Deborah Findlay (born 23 December 1947) is an English actress. She joined a theatre company while studying English at the University of Leeds.

Career
Findlay has worked primarily on stage and appeared in numerous productions, including the original Top Girls. In the 1980s she worked with the Royal Shakespeare Company where she appeared in Twelfth Night and The Merchant Of Venice. In 1997 she won an Olivier Award, as well as Outer Critics' Circle Award for Outstanding Featured Actress in a Play, for her performance as Hilda, the wife of the painter Stanley Spencer in Pam Gems' play Stanley. In 2008 she starred in the US premiere of Vincent River by Philip Ridley. In 2009 she appeared alongside Judi Dench in a Donmar West End revival of Madame de Sade. In 2013 she starred in the Donmar Warehouse production of Coriolanus as Volumnia, a role which earned her Clarence Derwent award for best supporting actress. In 2016 she appeared on the stage of The Royal Court Theatre twice: as Sally in Caryl Churchill's Escaped Alone and as Hazel in Lucy Kirkwood's The Children. She reprised her role during The Children's Broadway run, receiving a Tony Award nomination. In 2018, she appeared at the Bridge Theatre in London, playing the role of Sister Gilchrist in Alan Bennett's Allelujah!
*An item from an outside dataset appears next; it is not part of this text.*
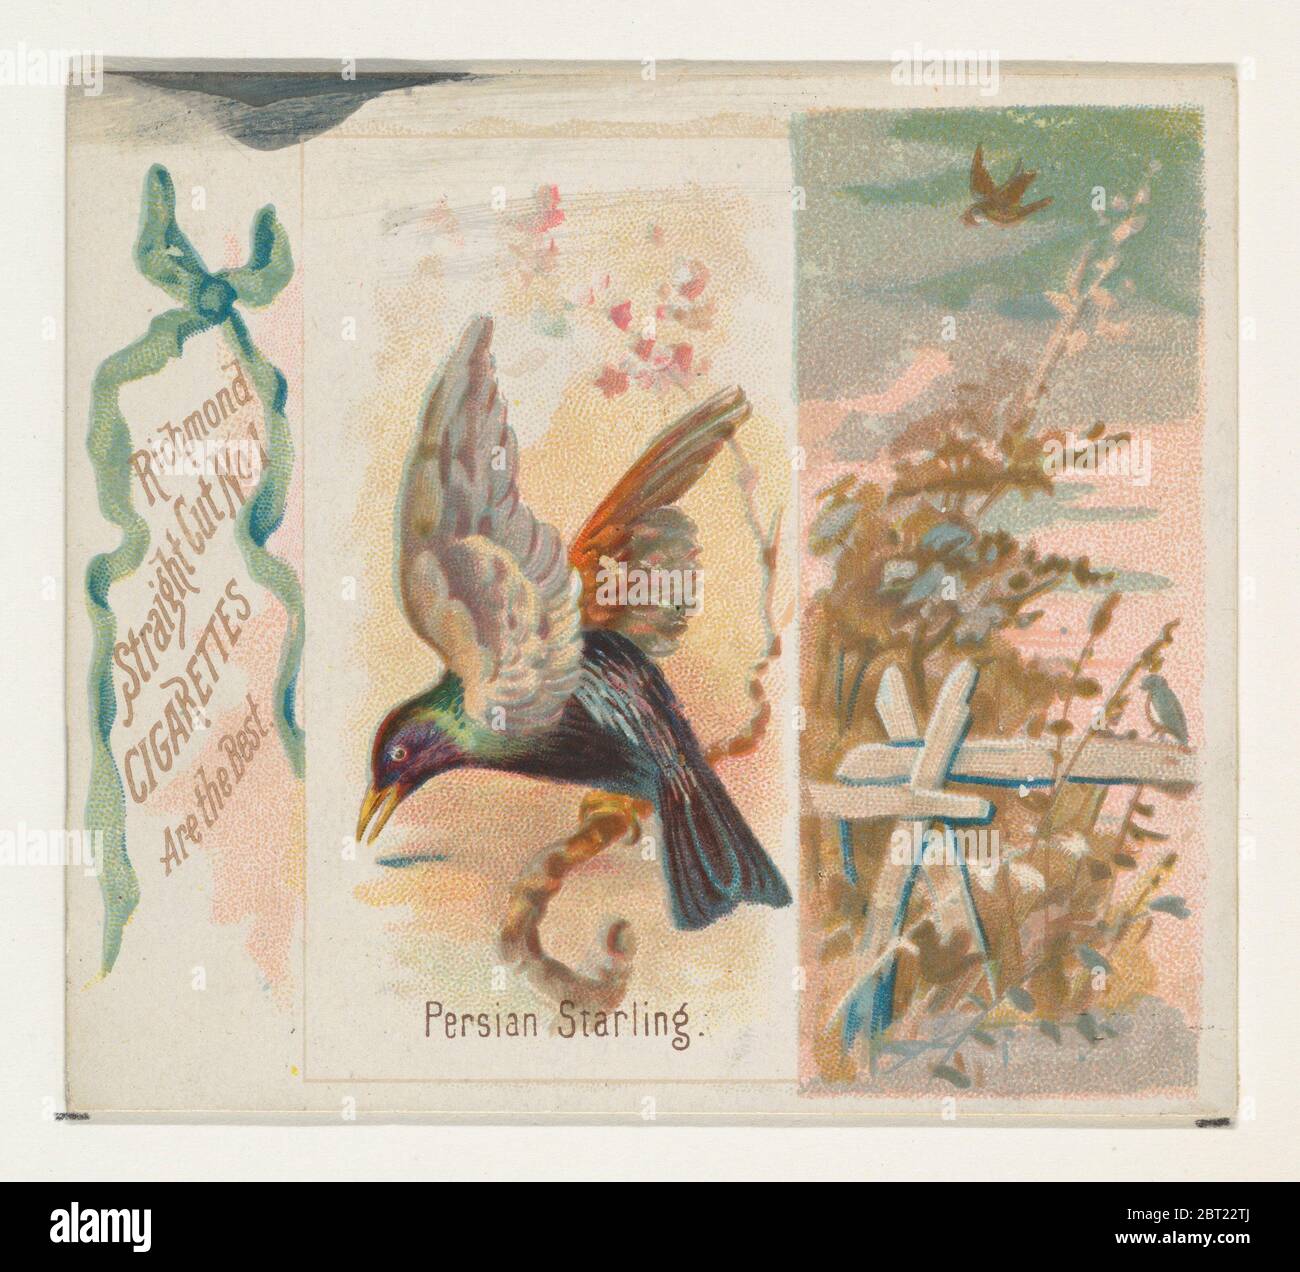 Perse Starling, de la série Song Birds of the World (N42) pour Allen & amp; Ginter cigarettes, 1890. Banque D'Images

Her TV credits include Nurse Motte 1992 Maigret with Michael Gambon, Gillian in the ITV drama The Last Train (1999), the recurring character Greer Thornton in four of the six episodes of State of Play and in the episode "The French Drop" (2004) in Foyle's War. She also appeared in four episodes of the 2001 series of The Armstrong and Miller Show and one episode of the acclaimed and original entry of the Messiah TV series. In autumn 2007 she appeared with Judi Dench, Imelda Staunton and Francesca Annis in the BBC1 costume drama series Cranford, playing the role of the spinster Miss Augusta Tomkinson, as well as in Wilfred Owen: A Remembrance Tale. She reprised her (in this case more prominent) role as Miss Tomkinson in the two-part Christmas special Return to Cranford. She portrayed Home Secretary Denise Riley in Torchwood's 2009 third series Children of Earth.  She was featured in separate episodes as agent Mary Carter in October 2003 and lawyer Gemma King in January 2010 of the BBC1 series Silent Witness. In 2010 she also appeared in Agatha Christie’s Poirot  “Hallowe’en Party” as Rowena Drake. She also appeared in two episodes of the ITV series Midsomer Murders: as Hilary Richards in "Blue Herrings" (2000) and as Lorna Sloane in "Murder by Magic" (2015). Acted as Sarah Cushing in the television episode of "Sherlock Holmes - The Cardboard Box", 11 April 1994.

In episodes aired in 2018, 2020 and 2022 she portrayed Ruth in three series of the BBC TV legal drama The Split.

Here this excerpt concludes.